We then explored the relationship between GDM and T2D effects in more detail applying a Bayesian classification algorithm¹⁹ to the top associations for GDM and top associations for T2D selected to have comparable statistical evidence for association (13 loci for GDM and 15 loci for T2D; Methods; Supplementary Note). Initial assessment was performed using T2D effect sizes from a GWAS of male FinnGen participants (27,607 cases and 118,687 controls) to prevent the Bayesian algorithm from being affected by sample overlap. We then performed the same analysis in men and in women from a large external meta-analysis of T2D for comparison.

The shared variants analysis suggested that the genetics of GDM risk falls into two categories, one shared with T2D risk and the other predominantly gestational (Fig. 2 and Supplementary Table 27). Specifically, the comparison of effect sizes between GDM and T2D does not support the existence of a single, consistent relationship between GDM and T2D across loci, but instead proposes two distinct classes of significant variants in this scan (Fig. 2)—class G, with GDM-predominant effects, and class T, with T2D-predominant effects. The two-class model of relationship between GDM and T2D fits the observed distribution of odds ratios (ORs) significantly better than a single-class model (log₁₀(Bayes factor (BF)) = 29.41). Class G contains 8 of the 13 GDM-associated loci that have GDM-predominant SNP effects, with effect sizes roughly three times greater in GDM than in T2D on average (Fig. 2 and Table 1). The majority of class G loci had a positive effect in T2D, but it was proportionately less than their effect in GDM. In comparison, the GDM-associated SNPs contained in class T had effects in the two disorders that were consistent with T2D-signals significantly associated with diabetes only in the T2D GWAS—namely, a reduced effect size in GDM versus T2D—a pattern of effects that was observed for all SNPs in class T. Variant classes were maintained whether comparing to T2D in men or women, with no evidence of a sex-specific classification (Supplementary Figs. 24 and 25 and Supplementary Tables 18 and 28). Stratification patterns were also consistent in T2D regardless of pregnancy history (Supplementary Fig. 25 and Supplementary Table 18) or inclusion of extended GDM results from GWAS including the FinnGen holdout set (Supplementary Figs. 26 and 27 and Supplementary Tables 29 and 30). Fasting plasma glucose associations occur in all classes, specifically with 5 of 8 class G loci, 2 of 3 class T loci and 2 of 3 unclassified loci.
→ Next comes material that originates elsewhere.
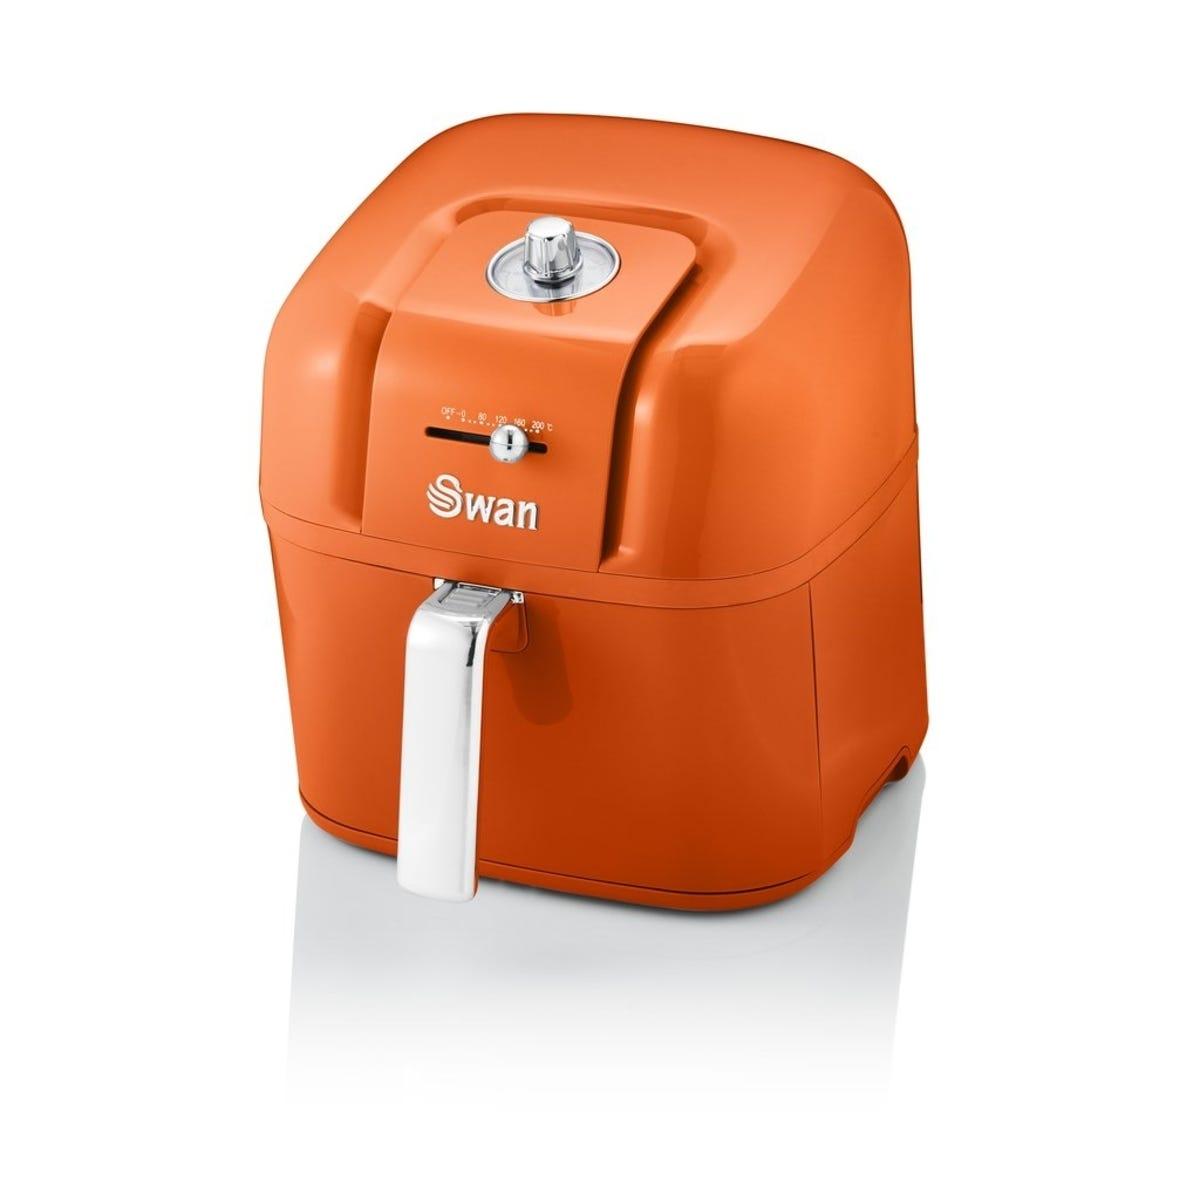 Swan SD10510ON 6L Retro Manual Air Fryer - Orange

The existence of the GDM-predominant class of effects, class G, distinct from those traditionally seen in T2D, raises the possibility of physiologic mechanisms of glycemic control with different actions or regulations during pregnancy (Supplementary Note, Supplementary Table 31 and Supplementary Fig. 28). As presented in Table 1, the eight class G loci have a peak SNP that is either intronic to a protein-coding gene, a missense mutation or, a 5′-UTR variant. Although the effects of a locus do not always operate through the nearest gene, several of the loci implicate genes involved in plausible cellular processes, for example, signal transduction and hormone processing. Examples of such genes^{20,21,22,23,24,25,26,27} are presented in Box 1.
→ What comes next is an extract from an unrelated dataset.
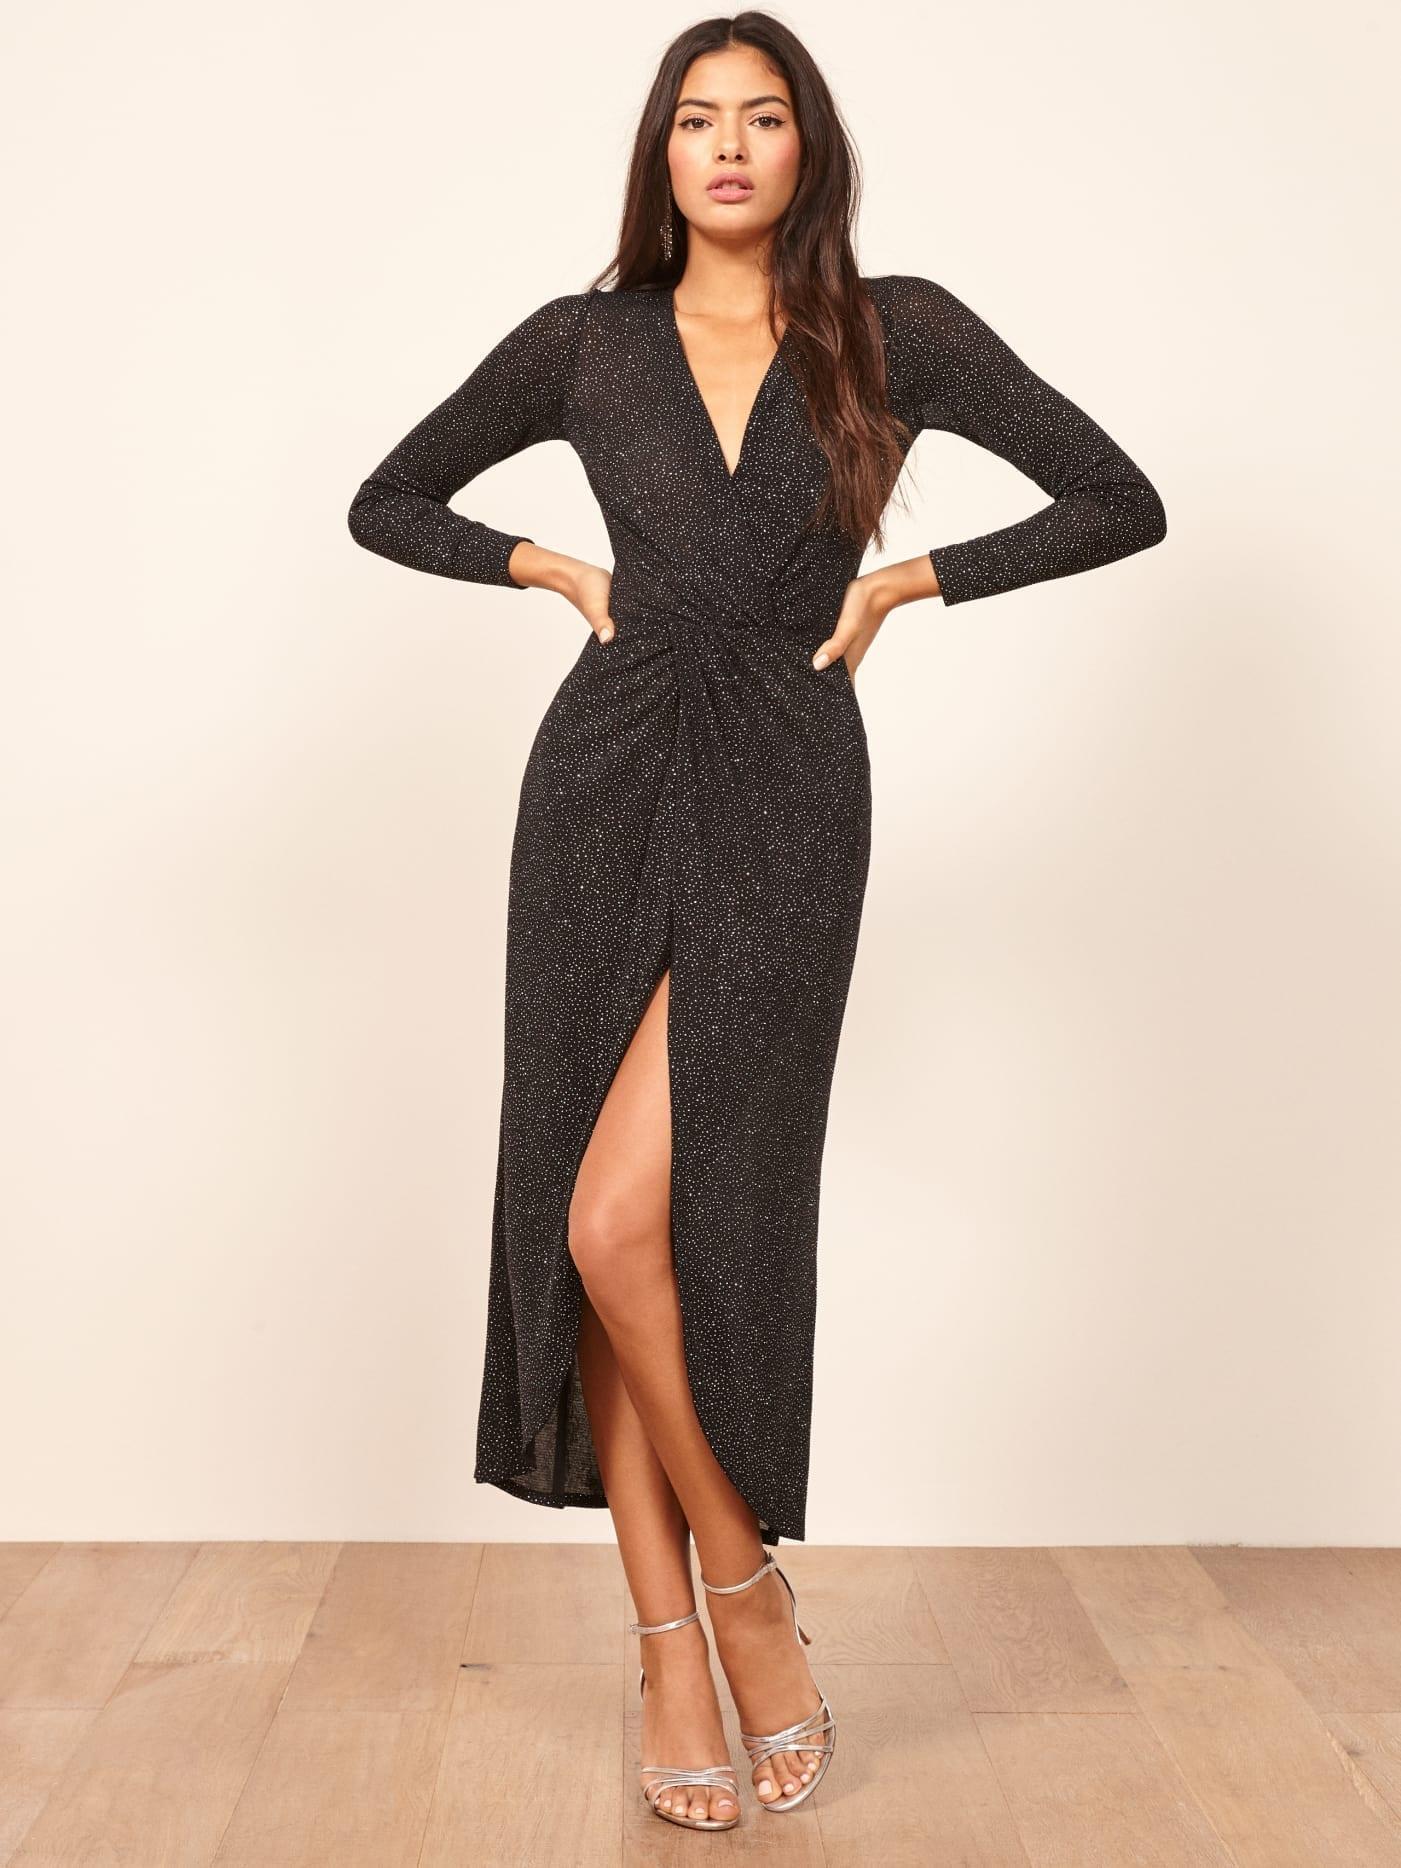 REFORMATION Carlyle Black Dress

Finally, to gain further insight into potential functional differences between GDM and T2D, we examined the cell-type specific expression patterns associated with the GWAS summary statistics²⁸ (Methods; Fig. 3, Supplementary Tables 32–35 and Supplementary Figs. 30–32). We evaluate cell-type specific enrichment despite the lack of significant tissue-level enrichment because pregnancy induces major adaptive changes to specific cell populations within maternal tissues that might not be reflected in bulk tissue expression. Analyses integrating multiple large single-cell RNA expression datasets indicated that pancreatic β cells are significantly associated both with GDM and T2D. However, only GDM had significant associations with the hypothalamus, that is, hypothalamic GABAergic neurons (GABA2), hypothalamic glutaminergic neurons (GLU7) and neurons in the ventromedial hypothalamus (VMH) arcuate nucleus (NR5a1_Adcyap1; Fig. 3 and Supplementary Table 34).

Taken together, we present data from the largest GDM GWAS to date, identifying 14 independent signals in 13 associated chromosomal regions. This study replicates all five of the loci previously associated with GDM, albeit with indications of a weaker effect of HKDC1 than previously reported, and discovers nine new loci. Our key finding is that GDM has a partially distinct genetic etiology, that is, while GDM and T2D in part share a polygenic predisposition, there is a second category of GDM genetic risk factors that are predominantly gestational contributors to disease. This contextualizes the substantial effect of the MTNR1B locus, which had been reported previously as an outlier⁹, but our data now show that MTNR1B is representative of a whole group of GDM-predominant loci, characterized by a larger effect on GDM than on T2D.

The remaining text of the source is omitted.